Birck stares at the ticket.
‘For fuck’s sake.’ He takes a deep breath. ‘Bring them in. Get them in here now.’
67
Within half an hour, they’re sitting in front of me. That might sound pretty efficient, given that the task was to bring in two officers from out in Huddinge. Yet it could actually have happened a lot more quickly.
The reason was as follows.
Earlier today, Dan Larsson and Per Leifby had found themselves at Forensics in Solna — what they were doing there, no one knows, and no one bothered to ask. Larsson stood sipping a can of Fanta while Leifby browsed through a motoring magazine. At that point, the National Police Chief himself, the top dog, there in the flesh, walked past. His suit was immaculate but his face betrayed stress in some form, which was obvious to a sensitive soul like Leifby.
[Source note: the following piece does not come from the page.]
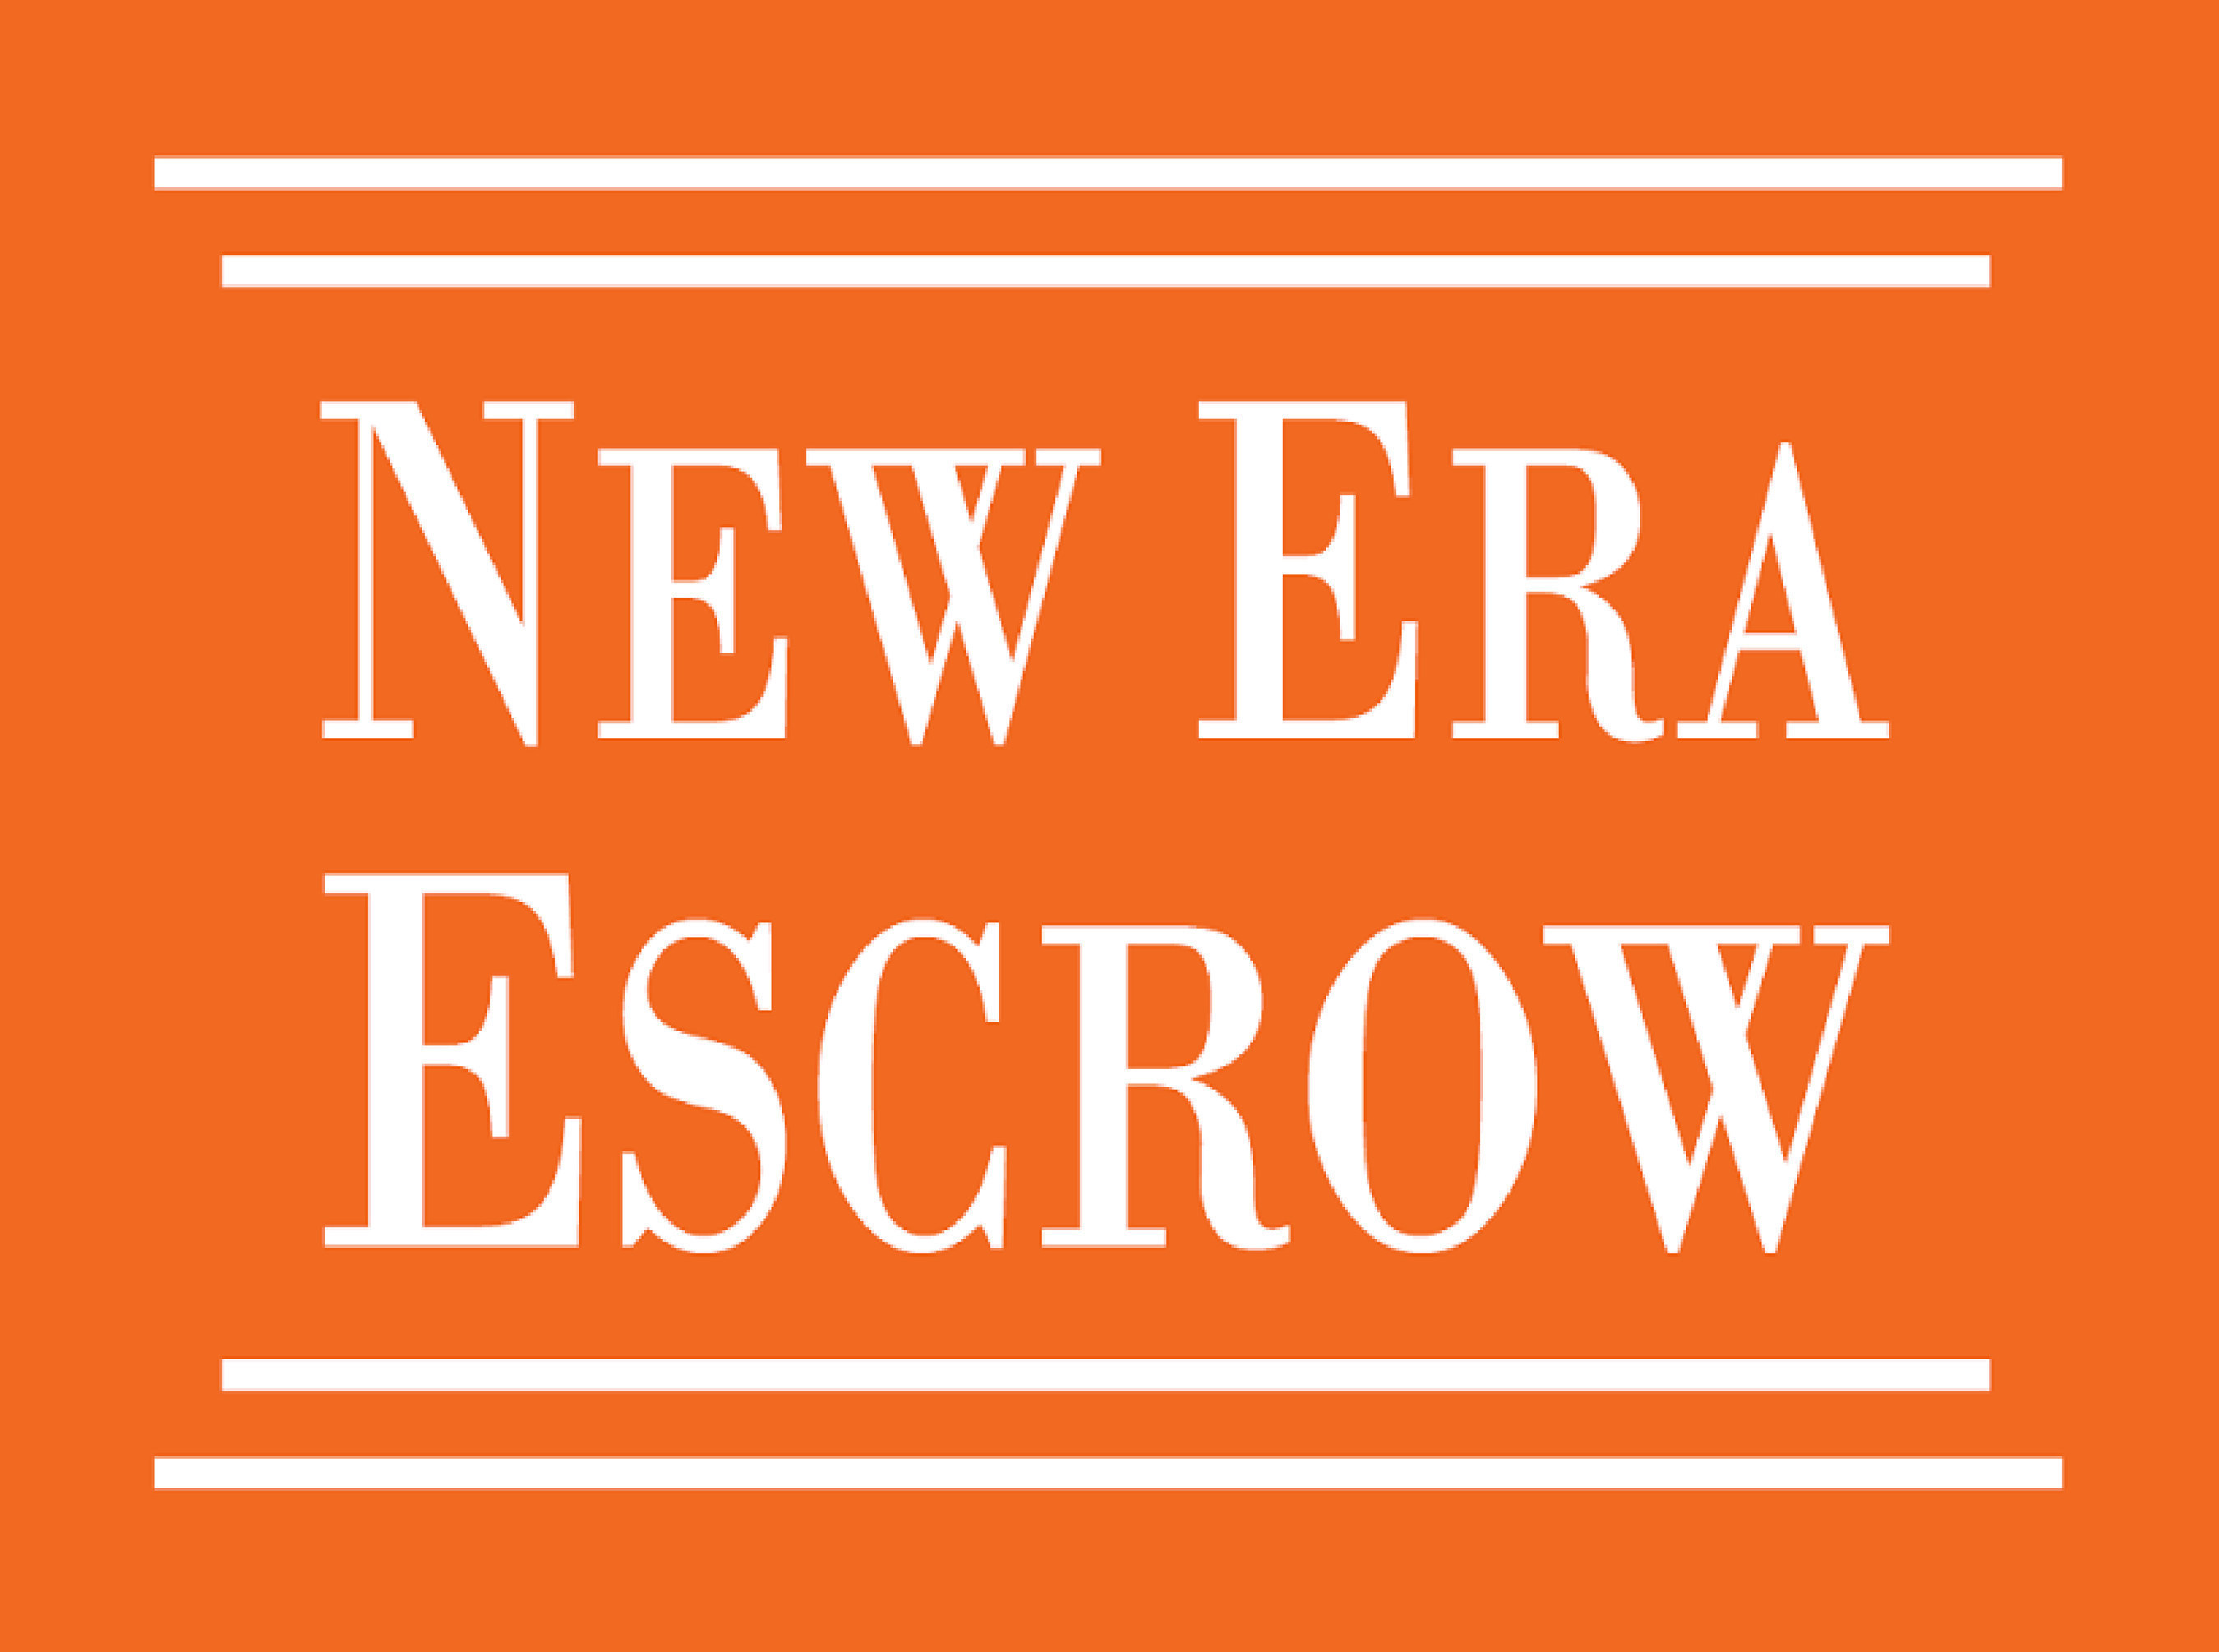 New Era Escrow logo.
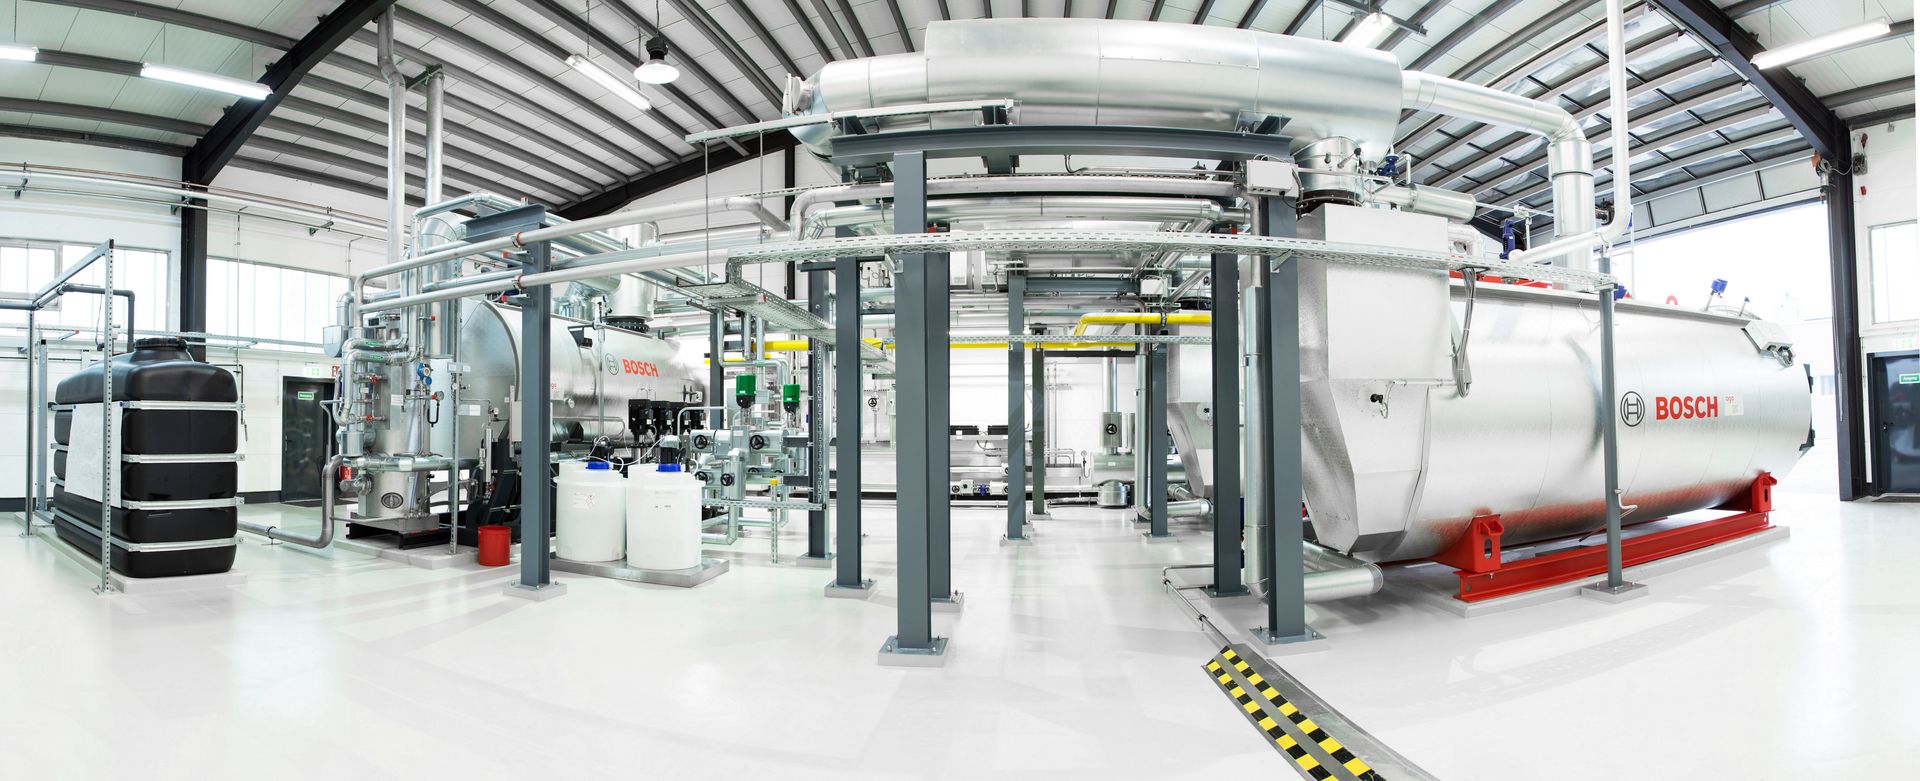 Bosch Industriekessel GmbH - Industrial Boilers

Which is why he swatted his magazine at his colleague’s arm, spilling some soft drink onto Larsson’s uniform.
‘Oh fucking hell,’ Larsson said in his thick Småland accent. ‘I told you it’s just been washed.’
‘Dan, it’s him.’
‘Who?’
‘It’s the NPC. Listen.’ Leifby had raised his voice, causing the National Police Chief to stop by the door. The man looked confused. ‘Do you want a lift?’ asked Leifby.
Larsson brushed the liquid from his uniform and straightened himself out. The NPC gave them one of his normal vacant smiles, and asked where the gents were heading.
‘We’ll go where the boss is going,’ Leifby said, and when the NPC raised a surprised eyebrow in Larsson’s direction, he quickly reassured him that the back seat was of course at his disposal.
The NPC was going to Kungsholmen. Leifby drove, looking almost entranced, while Larsson attempted to ask as many sycophantic questions as possible. The NPC’s replies were short; he was busy with something on his phone. When they arrived at HQ, he thanked them for the lift, called Per ‘Dan’ and Dan ‘Per’, and didn’t make eye contact.